The picture is clear: bad actors pursue the path of least resistance—stolen identities, permissive tokens, neglected systems, and misconfigured analytics.

Defensive moves that actually help

Executives do not need slogans. They need to make the blast radius smaller and remove clear vulnerabilities. The patterns across these 2025 data breaches point to direct controls that reduce cyber threats without stalling teams that ship products or care for patients.

  1. Use phishing-resistant MFA (FIDO2/WebAuthn). Enforce number matching where keys can’t reach. Disable legacy/basic authentication, require modern OAuth, and add Conditional Access tied to device health and location. Add SIM-swap and port-out PINs. Re-auth on sensitive actions for high-risk roles.
  2. Shrink the third-party blast radius. Inventory every vendor tool and remote-support path. Grant least privilege, expire access by default, and isolate vendors on monitored jump hosts. Put incident SLAs and logging in contracts. Use ZTNA and segment so vendors can only reach the apps they service.
  3. Control SaaS exports and tokens. Audit connected apps, revoke stale OAuth tokens, shorten lifetimes, and narrow scopes. Rate-limit or approval-gate bulk exports; alert on abnormal CSV/API pulls. Restrict Data-Loader-type tools to break-glass admins and monitor with DLP.
  4. Retire or isolate legacy systems. Remove internet exposure, require MFA for admin access, patch on schedule, and block management interfaces from the open internet. Scan weekly for forgotten portals and outdated firmware.
  5. Harden browsers and sessions. Require Device Posture Security checks; block access from non-compliant devices. Shorten session lifetimes, prefer device-bound tokens, and use a Secure Web Gateway with DNS Filtering by category, Web Protection, and Download Protection.
  6. Stop quiet exfiltration and ransomware. Deny outbound to new destinations, watch object-store writes, and cap egress per identity. Seed honeytokens. Protect backups with MFA, immutability, and network separation; test restores. Disable internet macros, restrict remote admin tools, and enforce allowlists.
  7. Remove SMS from recovery. Use email or hardware-key recovery, add telecom account locks for execs and finance, alert on SIM changes, and re-validate sessions on number changes.
  8. Fix analytics leaks. Ban PII in analytics, govern tags with an allowlist, block beacons on protected paths, run synthetic tests, prefer server-side tagging with redaction, and enforce a strict CSP.
  9. Secure archives. Encrypt with HSM-backed keys, restrict decryption by role, shorten retention, isolate connectors, disable plaintext exports, and log every query and export.
  10. Segment always-on operations. Pre-stage network segments, separate admin IT from clinical/operational systems, keep read-only EHR failover, train for downtime, and alert on abnormal bulk record queries.
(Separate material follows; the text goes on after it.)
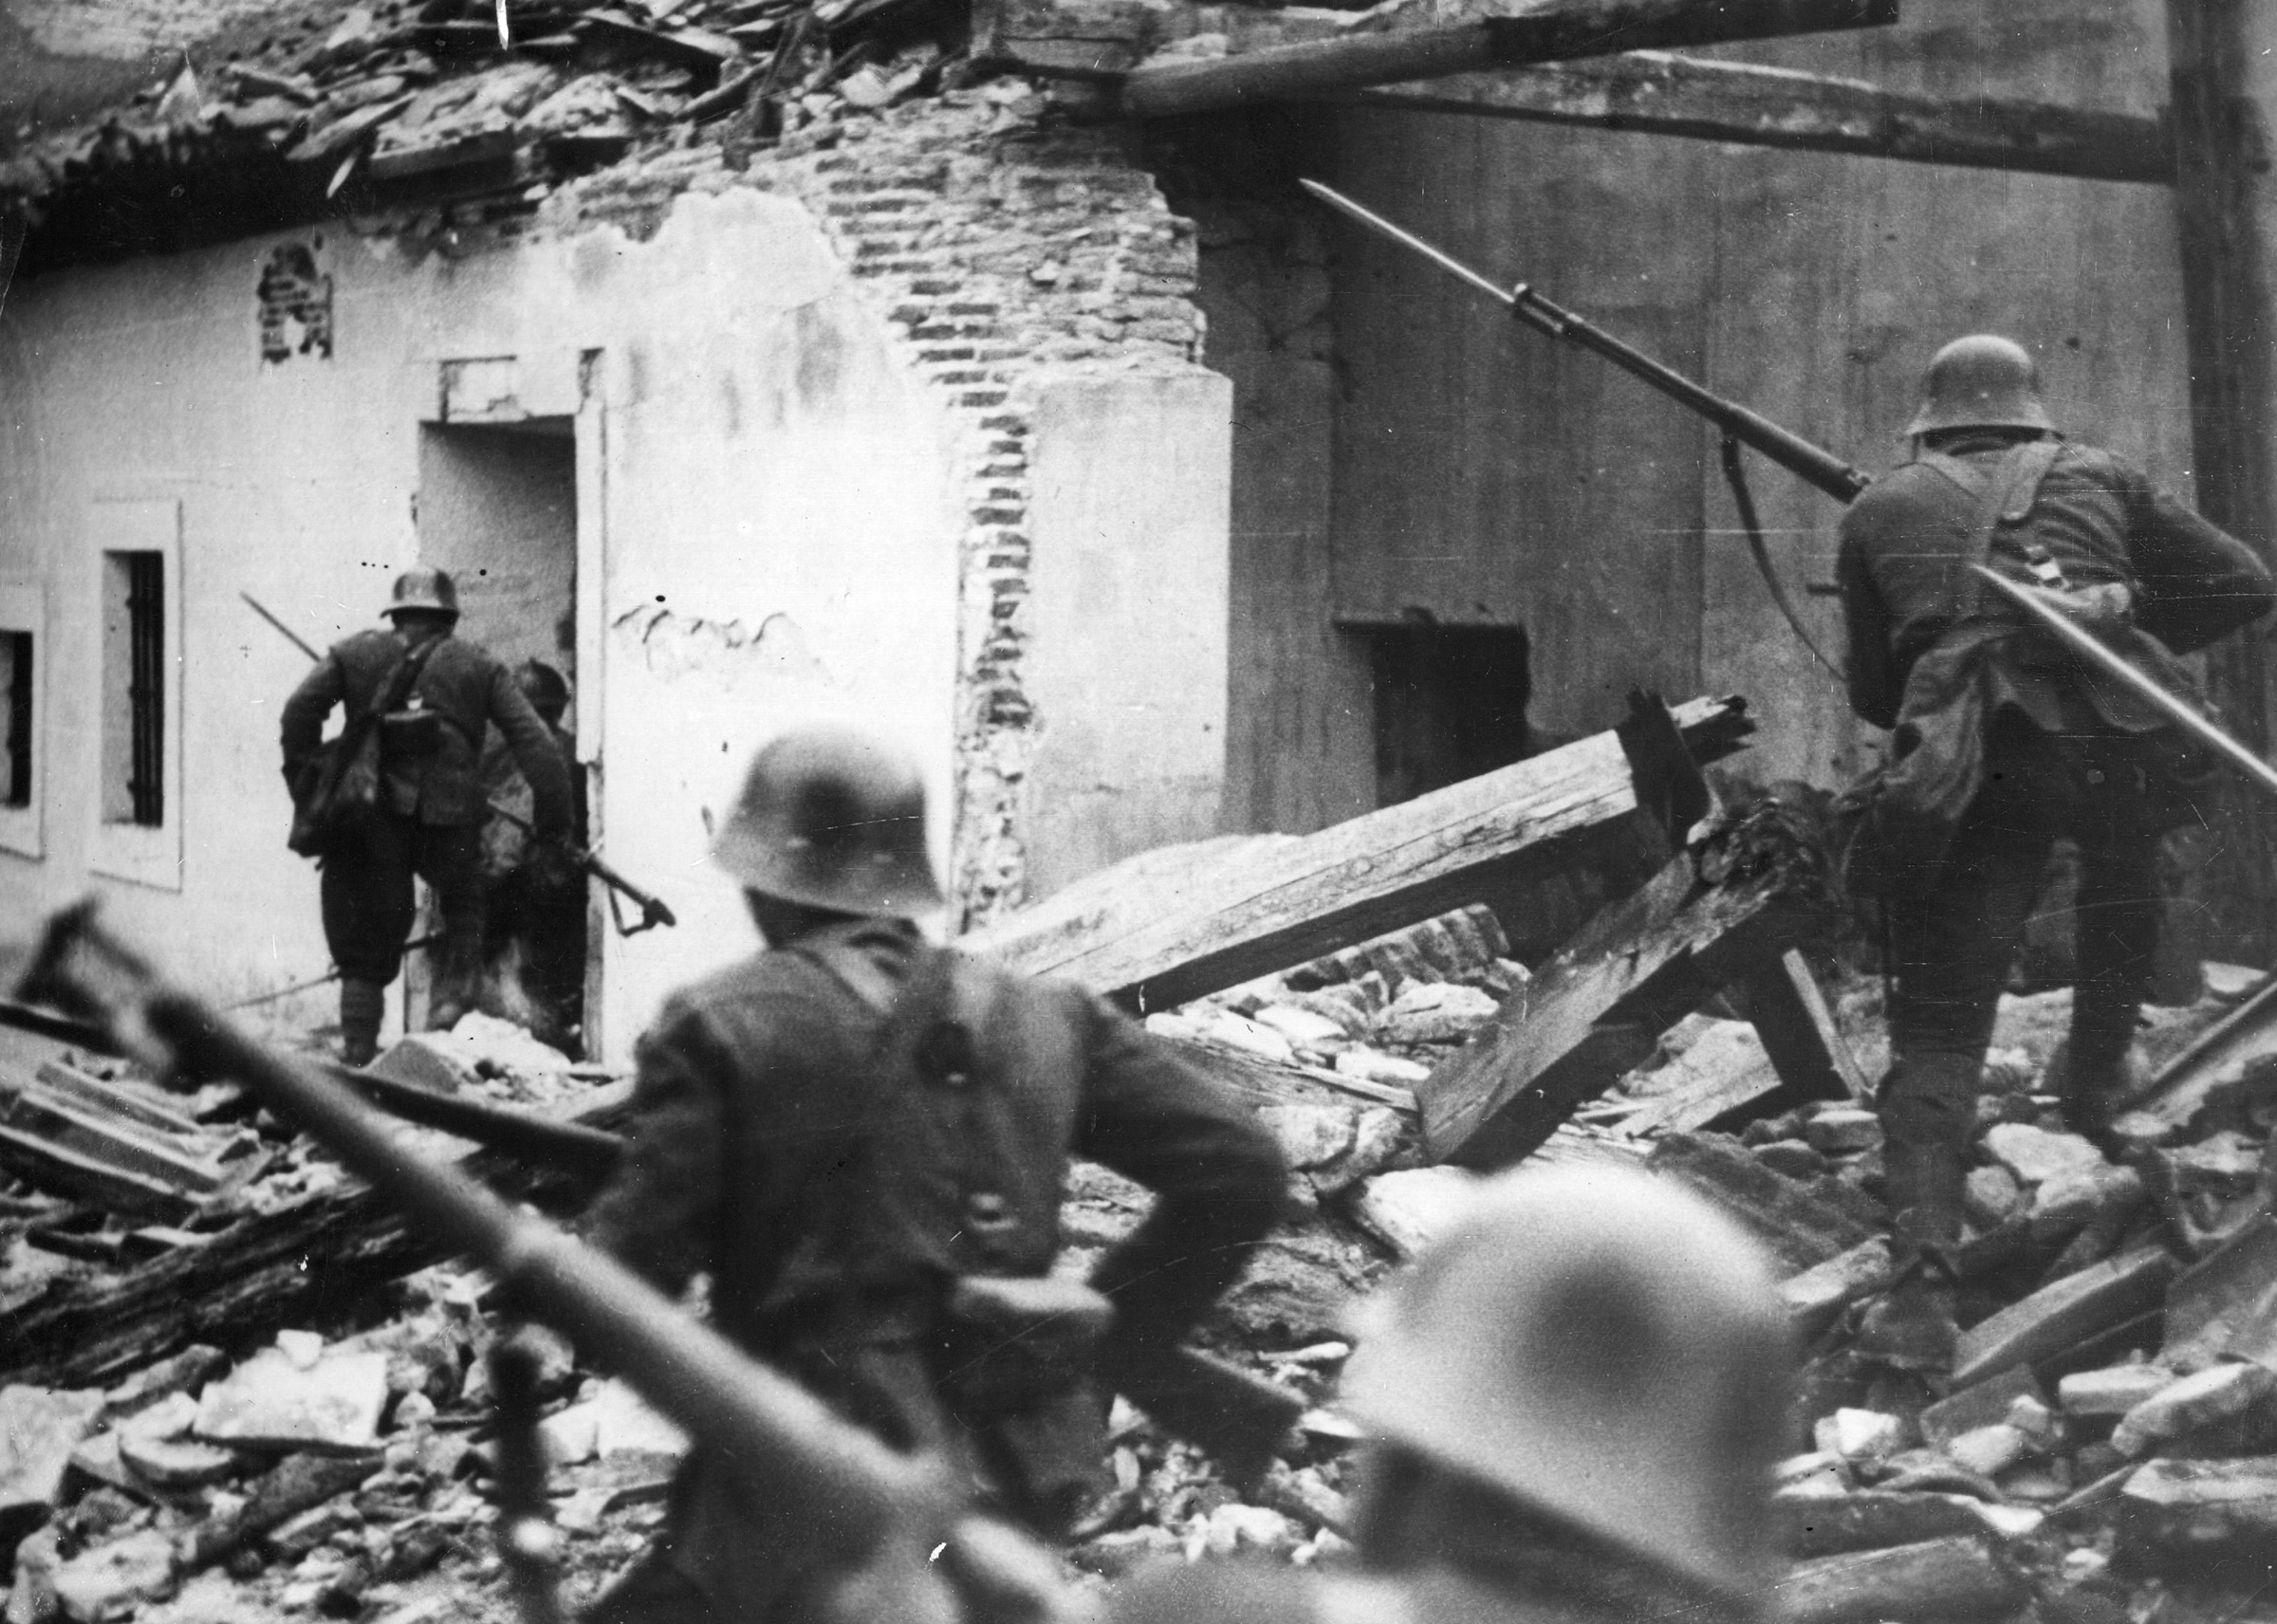 Nationalist troops advance through the debris of houses wrecked in air raids in Madrid, on April 2, 1937.

How NordLayer helps protect against data breaches

The biggest 2025 data breaches show repeating weak points: stolen credentials, over-permissive vendor tools, and misconfigured systems that exposed sensitive data. To counter these, organizations need controls that reduce the chances of leaked data and shrink the impact if attackers get in.
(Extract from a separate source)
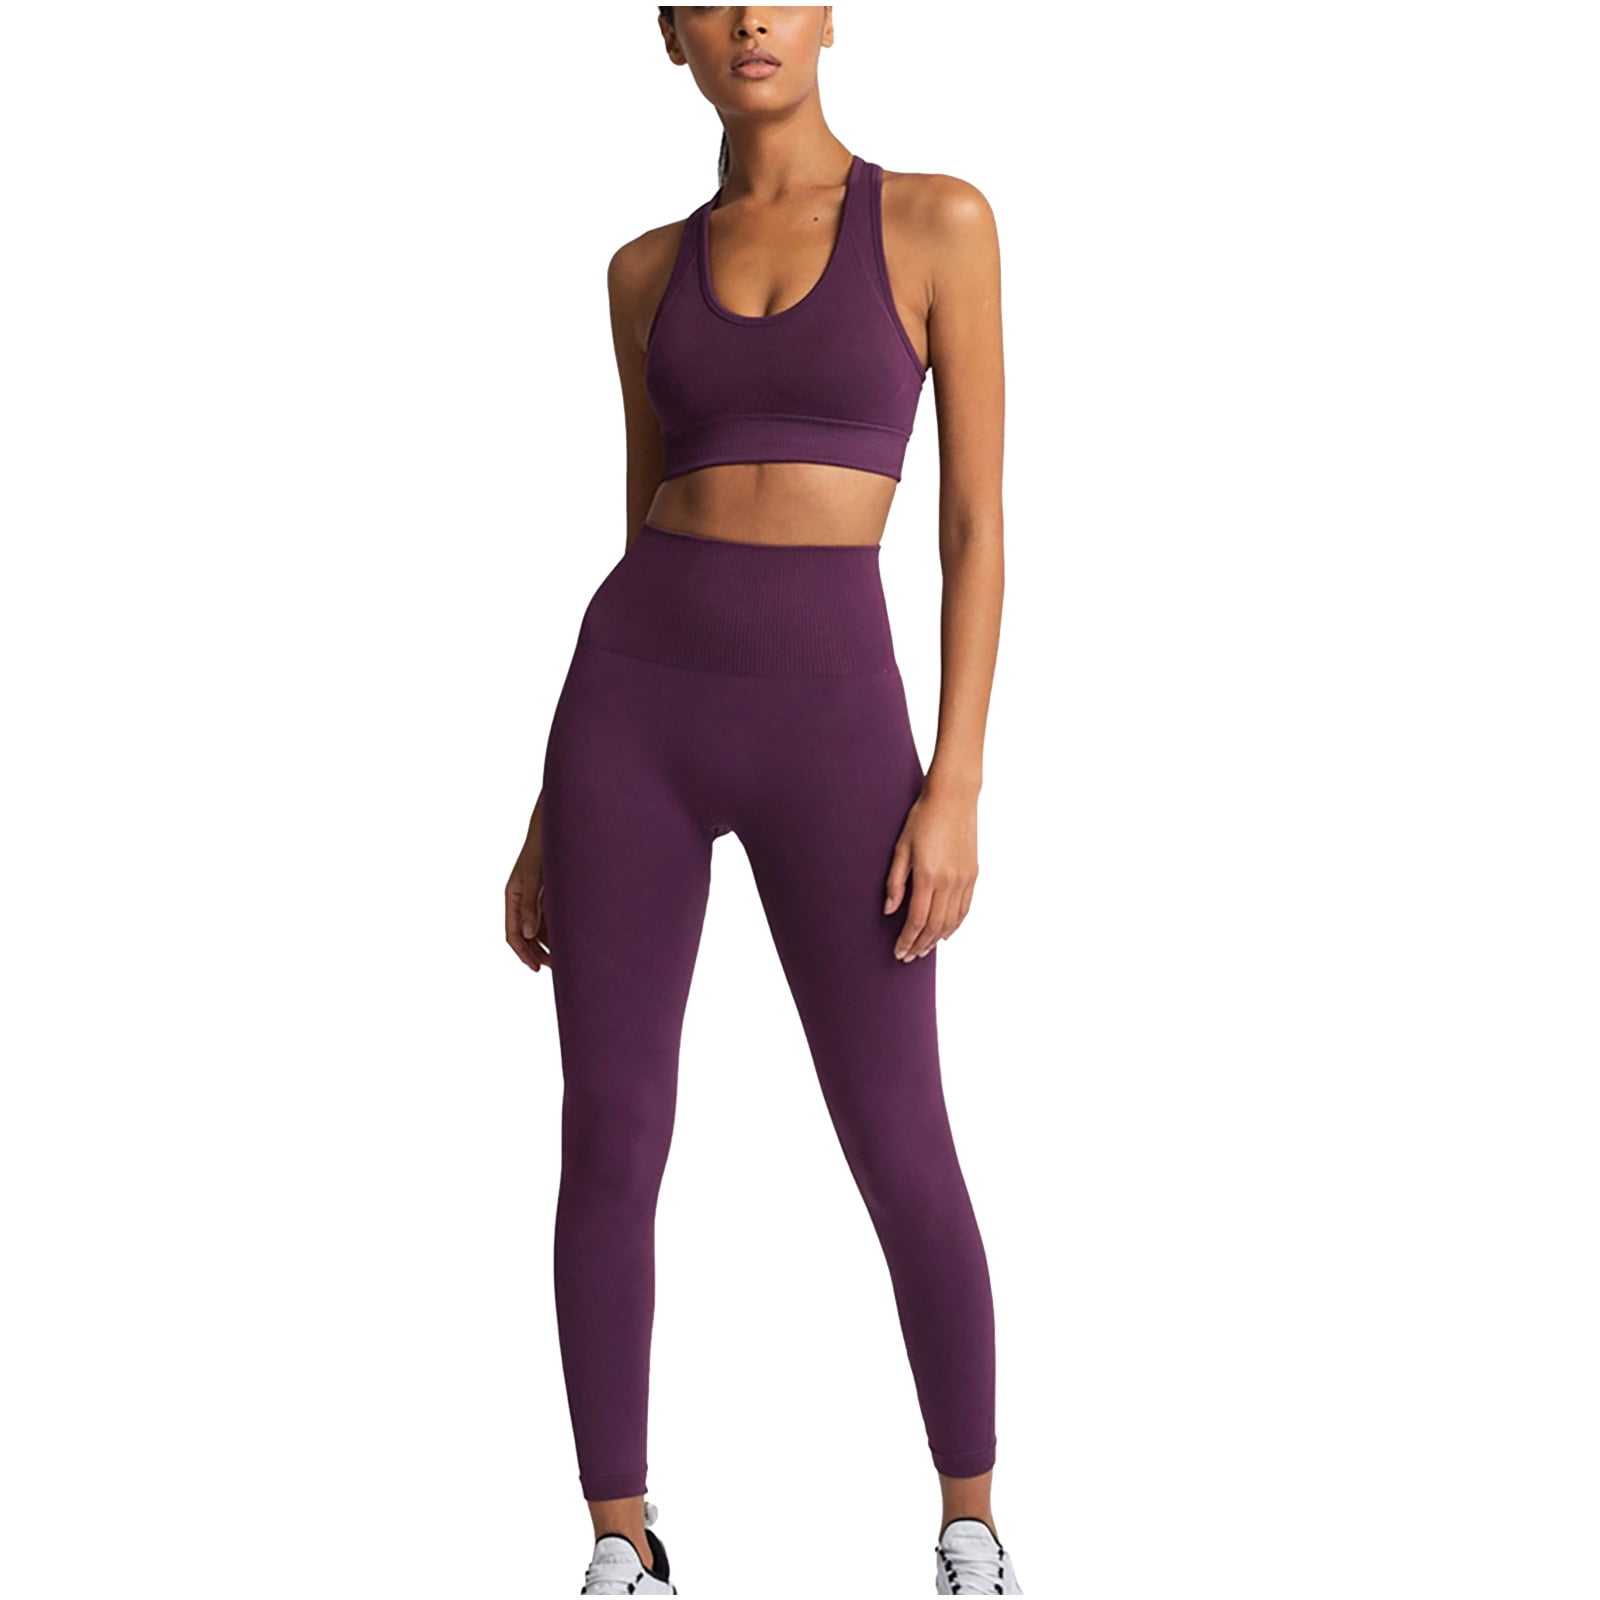 Women's Fashionable Sports Bra And Leggings Set And Bare Sensation Tights  Set for Women

NordLayer offers several tools that directly address these risks.

  • Phishing-resistant MFA and single sign-on (SSO) integrations help block stolen credentials from being reused, a common trigger in recent data breaches.
  • Cloud LAN creates secure device-to-device connections across your organization, enabling remote collaboration while isolating traffic. This helps limit the potential impact if one device or vendor account is compromised.
  • DNS Filtering by category and Web Protection prevent employees from reaching malicious sites that deliver infostealers and ransomware, cutting off one of the main sources of stolen data that fueled the 2025 breaches.
  • NordLayer’s Business VPN, powered by AES-256 and ChaCha20 encryption, provides secure network access for employees. It ensures that sensitive data stays protected in transit, even if attackers intercept traffic.

Together, these measures reduce the opportunities attackers exploited in many of the 2025 breaches. They reduce the chance that bad actors can exploit simple vulnerabilities, plant ransomware, or move stolen data to the dark web.